So yes, the government does and will always have tremendous power over currency. Currency and law are inseparable except on the smallest scales.

Fiat currencies have their value because people agreed on that they have value. Bitcoin is more of a fiat currency than it is anything else. I.e. it has no value but for the consensus of people saying it has value and is not directly redeemable for anything that does value. Unlike, cows, iron,copper,gold, or promissory notes for them, which are the usual non fiat currencies.

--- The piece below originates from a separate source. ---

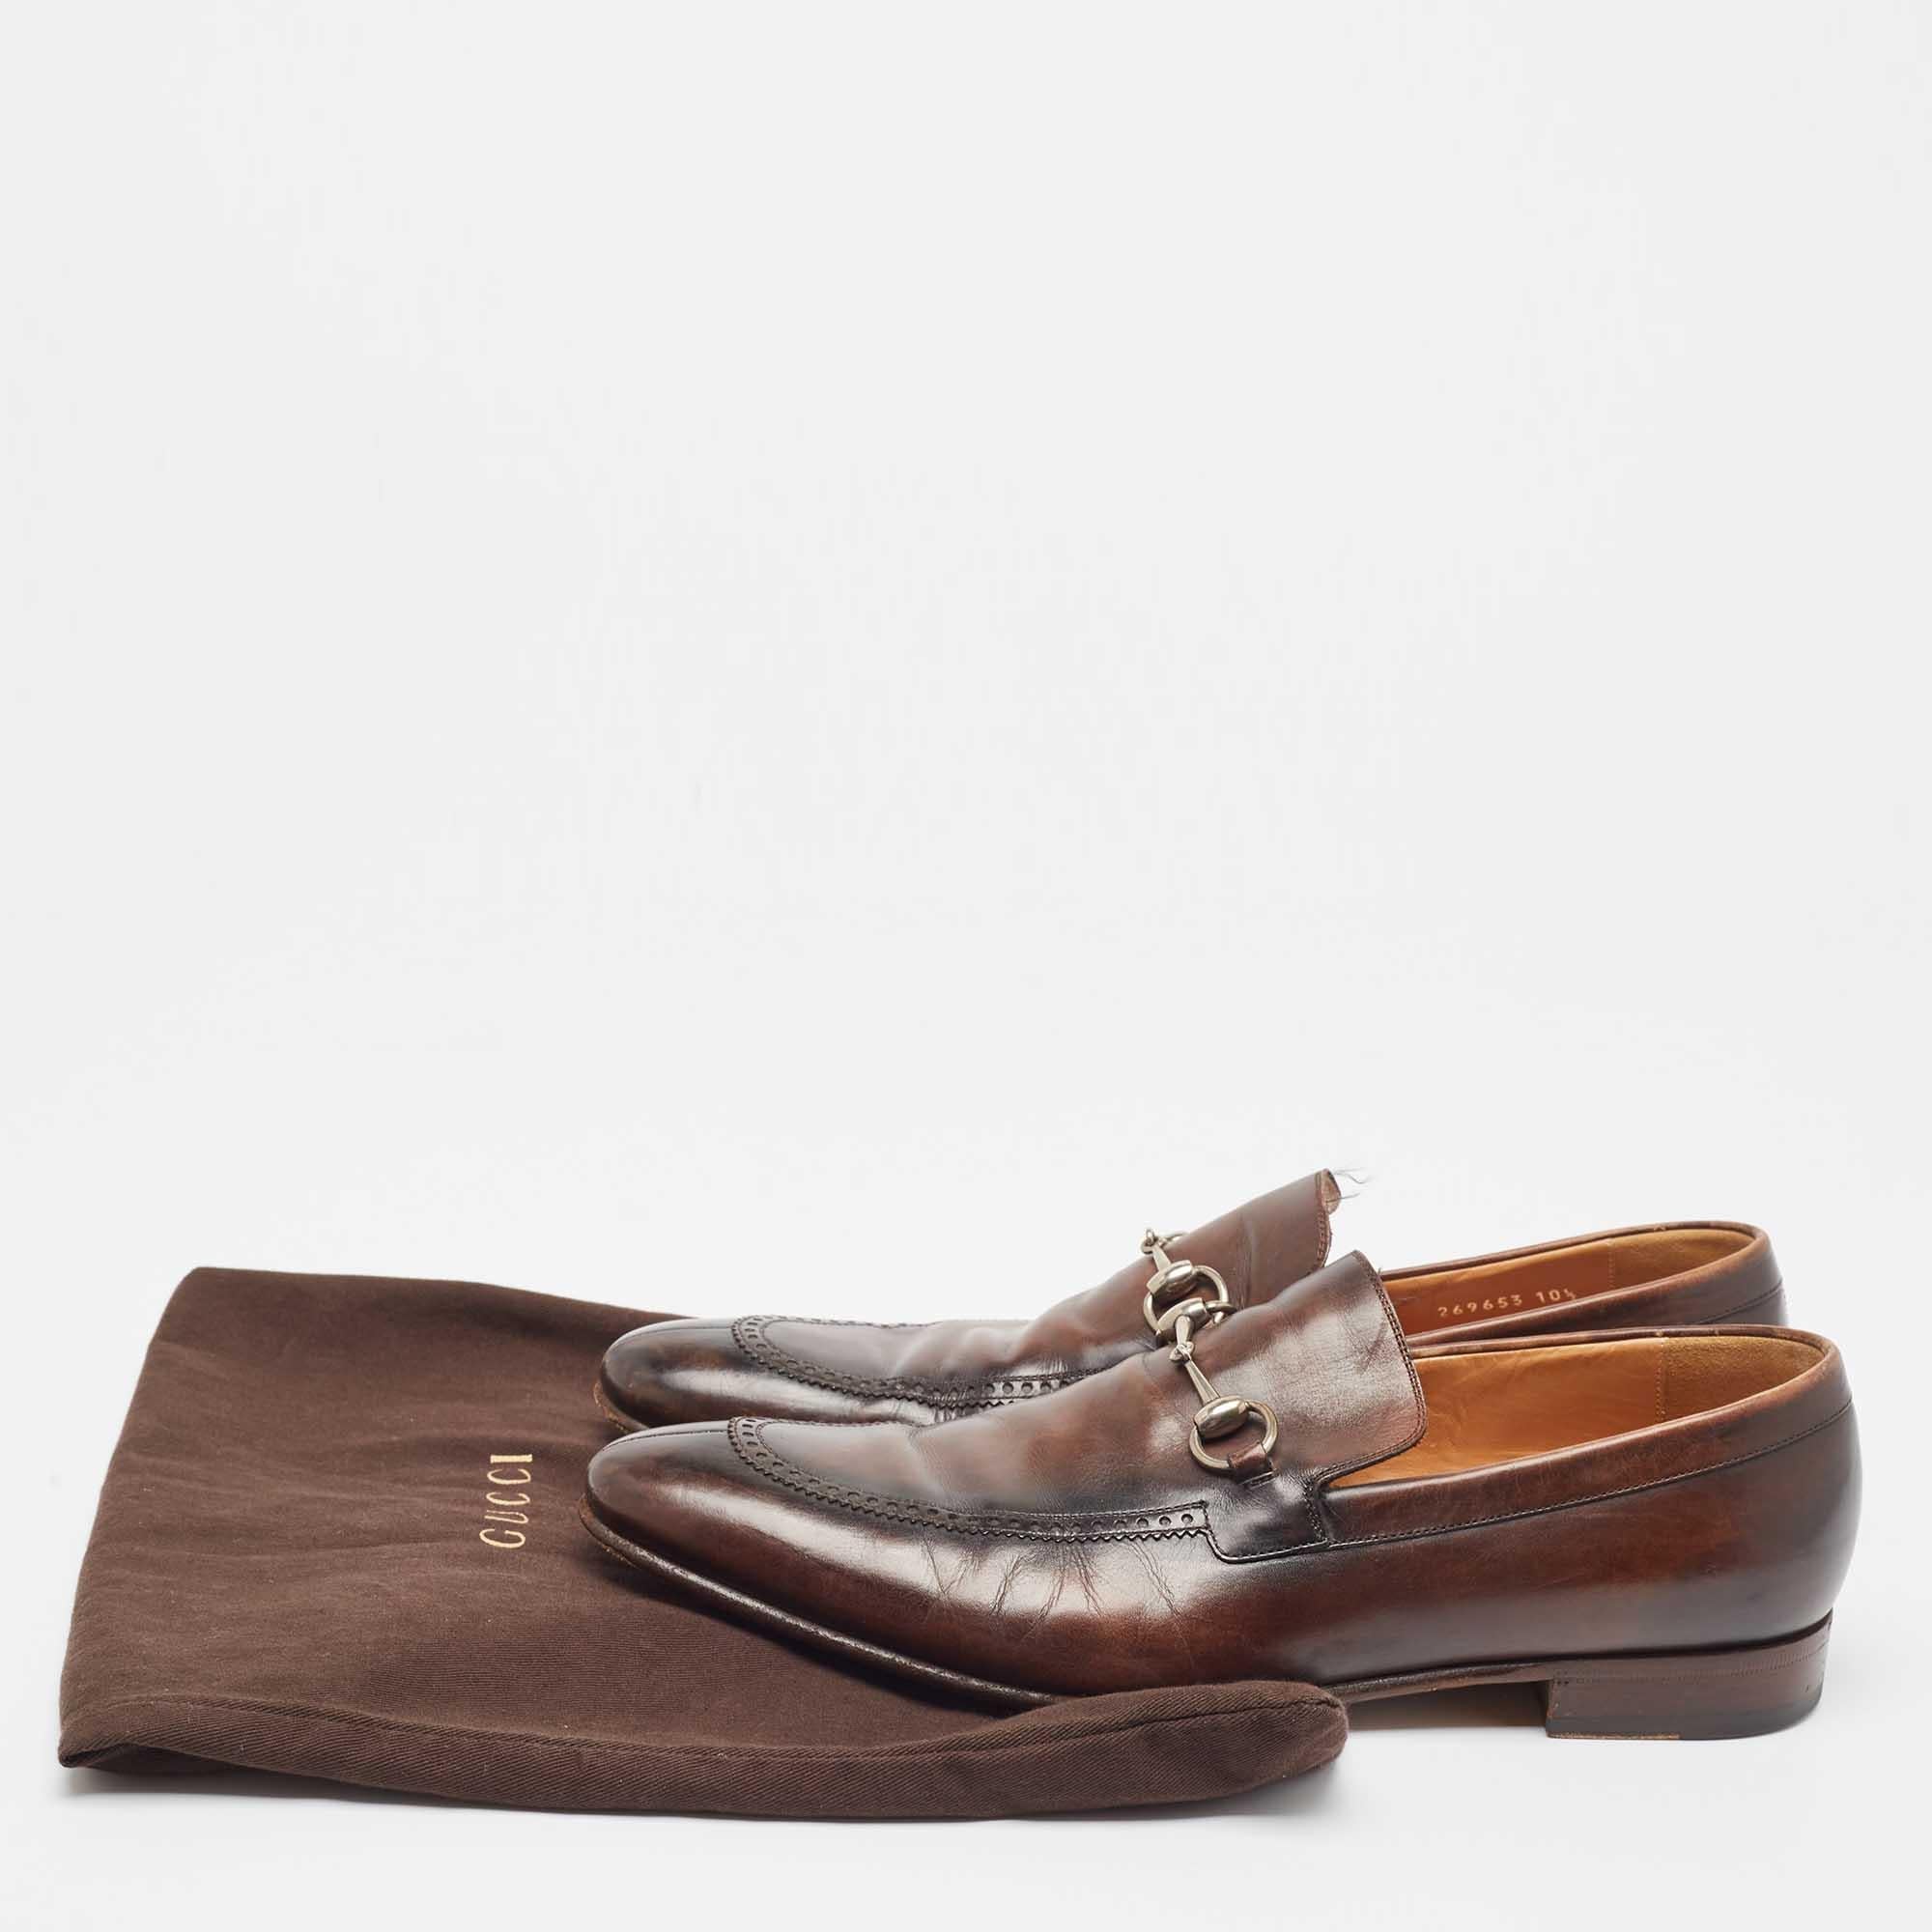 Gucci Brown Leather Horsebit Loafers Size 44.5 For Sale 4

The fact that it doesn't depend on violence ought to tell you to stop blindly parroting every single libertarian catch phrase you hear. They are not all true.

Fiat currency typically means money declared by a government to be legal tender. You can argue the value of bitcoin is arbitrary, but that doesn't make it a fiat currency. Way to slam dunk a straw man.

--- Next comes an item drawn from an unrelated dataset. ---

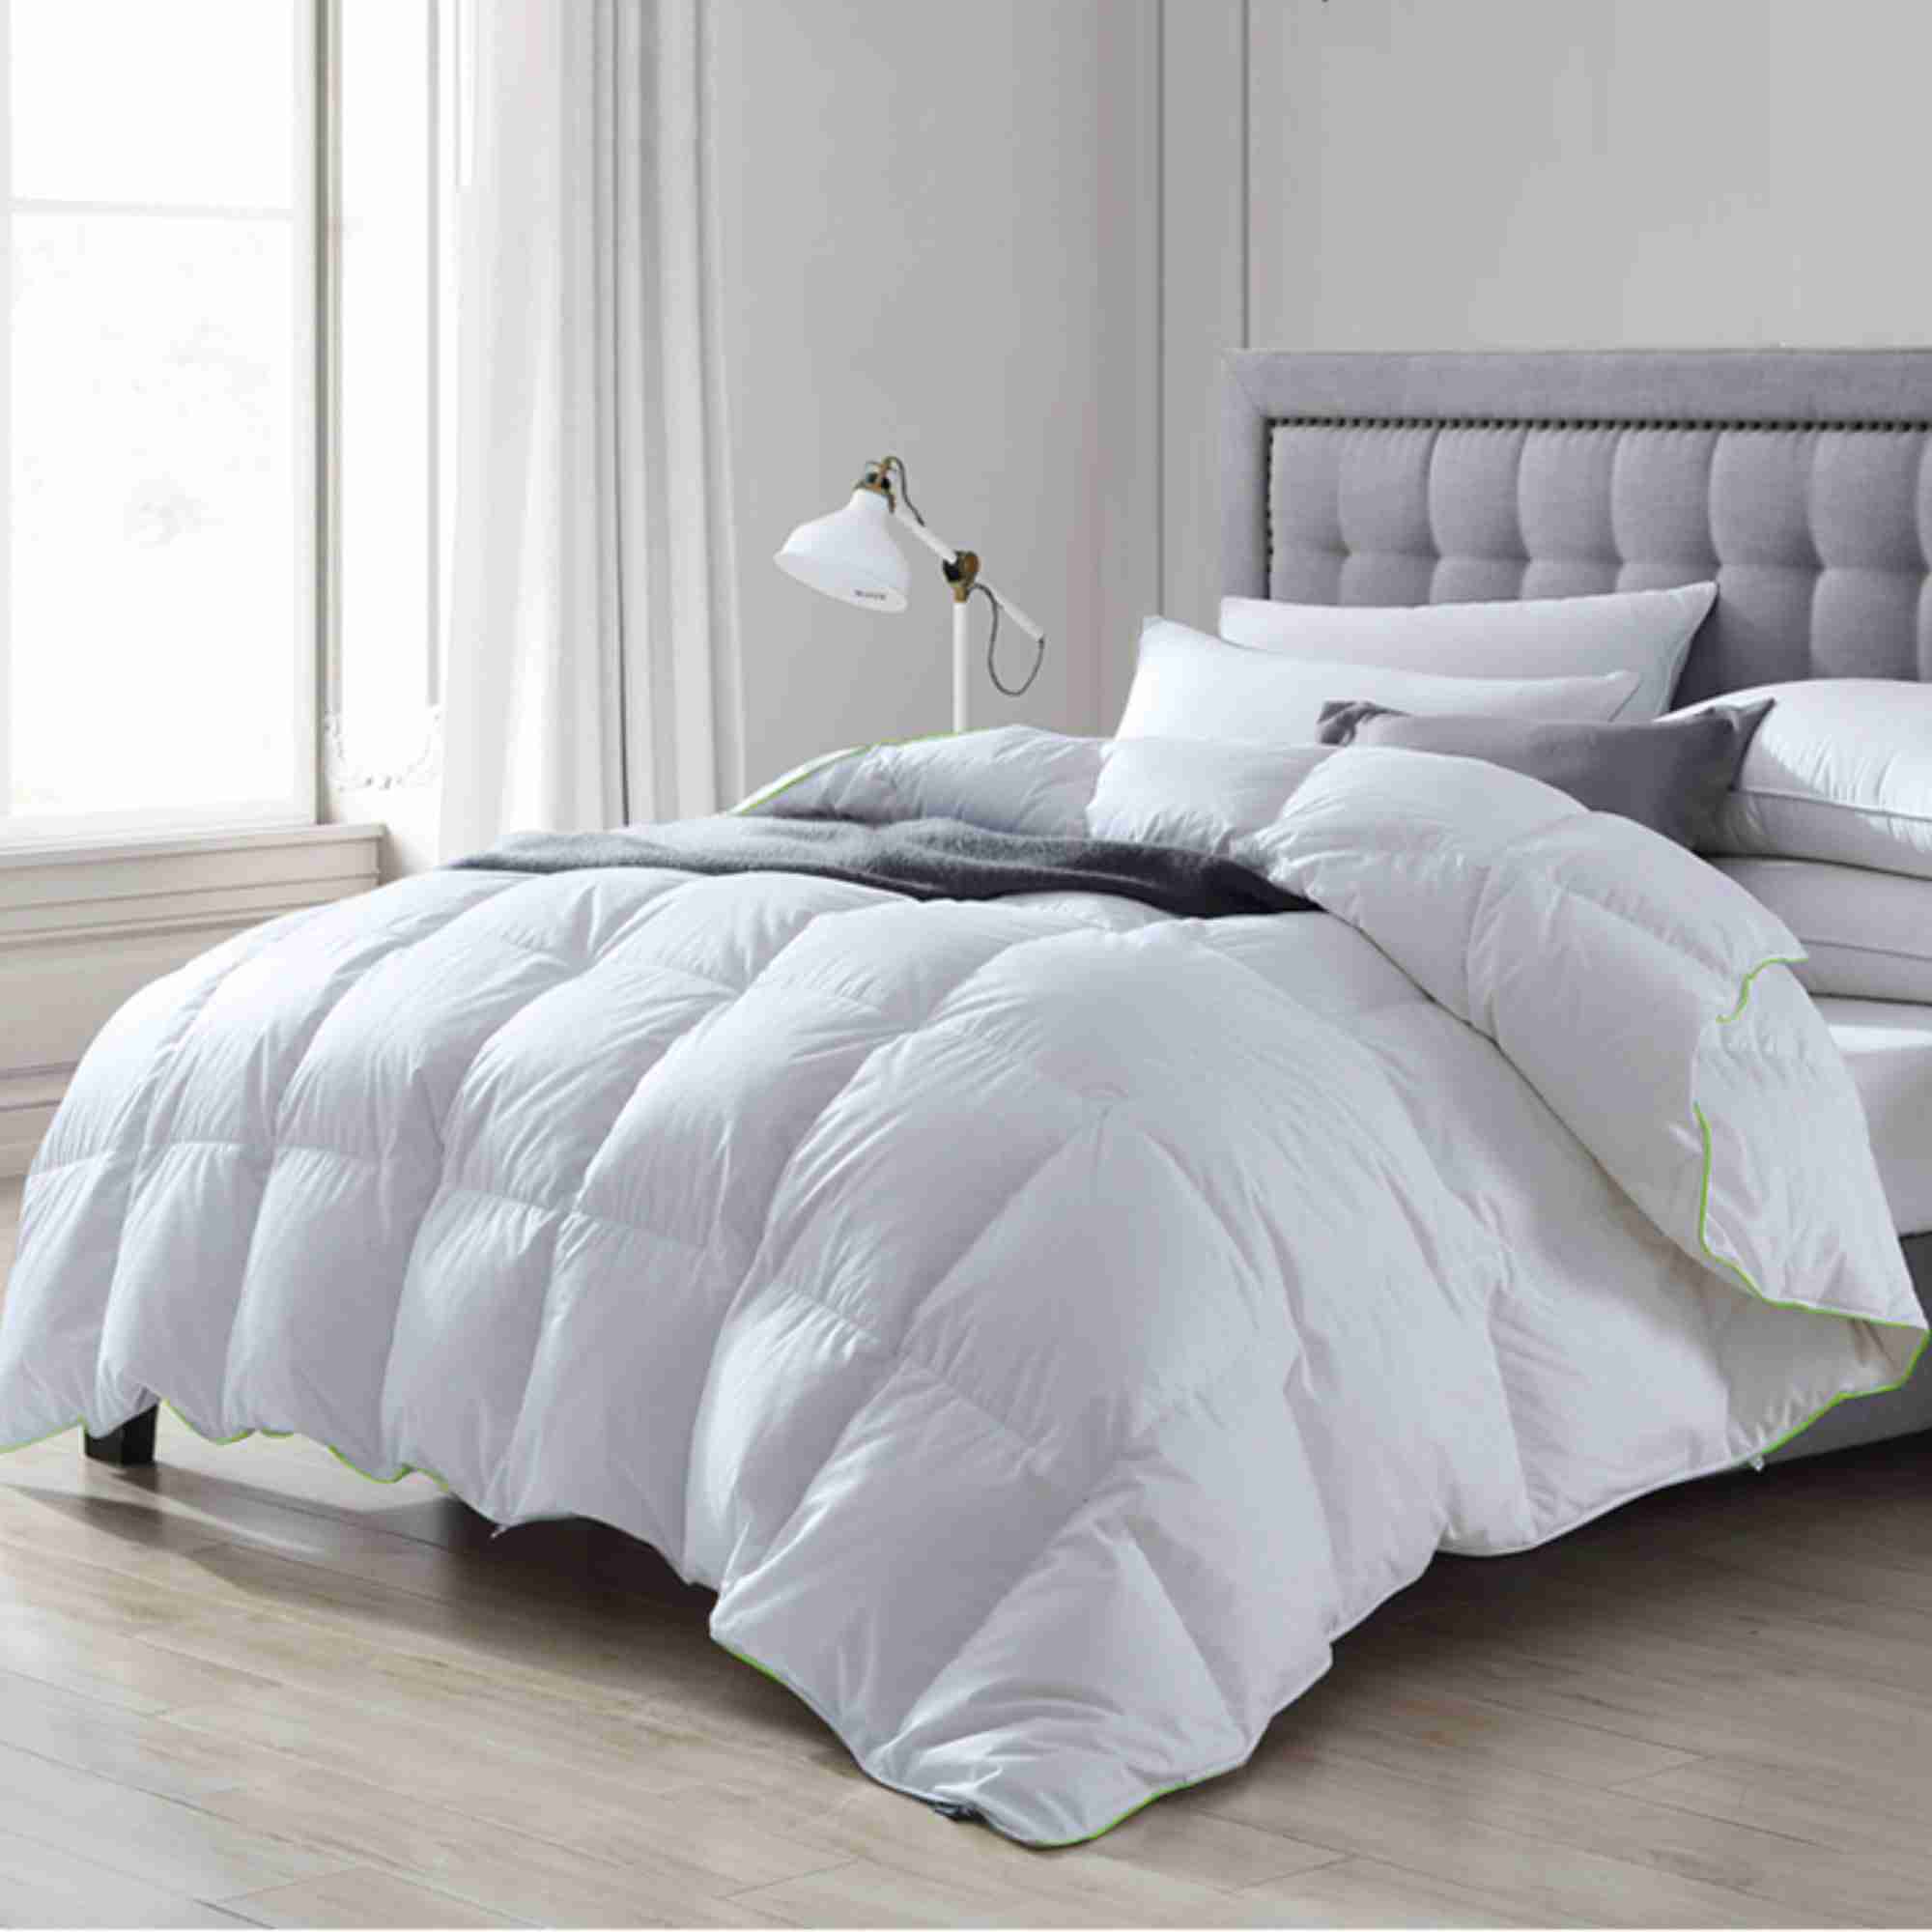 home-bedding-down-comforter with cash back rebate

The only currency that can surpass the US dollar is gold. The US dollar is the de facto world currency, because the world's oil is mostly traded using US dollars. The US Gov't enforces this, by using strong arm tactics, or resort to millitary intervention - case in point, Iraq.

More likely VisaCoin and MasterCoin.

We provide this.

Although you are right about all previous crypto-currencies falling, it's difficult to ascribe their failures to lack of incentives for most of them. The major theoretical and commercial work on e-cash was done by David Chaum. His stuff was centralized, efficient, and anonymous.

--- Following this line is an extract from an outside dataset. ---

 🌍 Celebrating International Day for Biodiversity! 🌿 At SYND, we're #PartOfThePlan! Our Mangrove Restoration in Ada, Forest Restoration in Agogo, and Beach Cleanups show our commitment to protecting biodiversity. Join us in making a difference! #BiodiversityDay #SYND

He had several major parties trying to license his technology, including Microsoft ( who wanted to put it in Windows) and several banks. These deals fell through because of issues with Chaum allegedly. Without buy in from a trusted name, people were then unwilling to use Digicash.

The point is given that bitcoin has gotten so much attention, some known name may attempt Chaum style e-cash and get it to work. Incentives are only an issue for distributed e-cash systems and as people's willingness to use Visa shows, they can trust centralized ones.

Chaum's systems also failed because of a lack of demand. In the early-to-mid-90s it seemed sensible that nobody would spend money online without at least some of the security guarantees of digital cash. In retrospect, however, there are these issues:

1. Banks have centuries of experience in combating fraud. It is not clear that digital cash actually improves the situation for banks, given the higher infrastructure costs. If you cannot show banks that they will lose less to fraud with digital cash than the new infrastructure would cost, the banks will not care -- it is easier to analyze spending patterns and identify likely fraud.

2. Most users have a very poor understanding of the security implications of spending money online. On some of that, the fraud that users have to deal with is only partially defended against by digital cash; scams involving people taking money and not delivering the goods are even older than the banking system and are not addressed by digital cash. While the theft of credit card data causes headaches for users, banks are sufficiently good at stopping it that few people are clamoring for a better system.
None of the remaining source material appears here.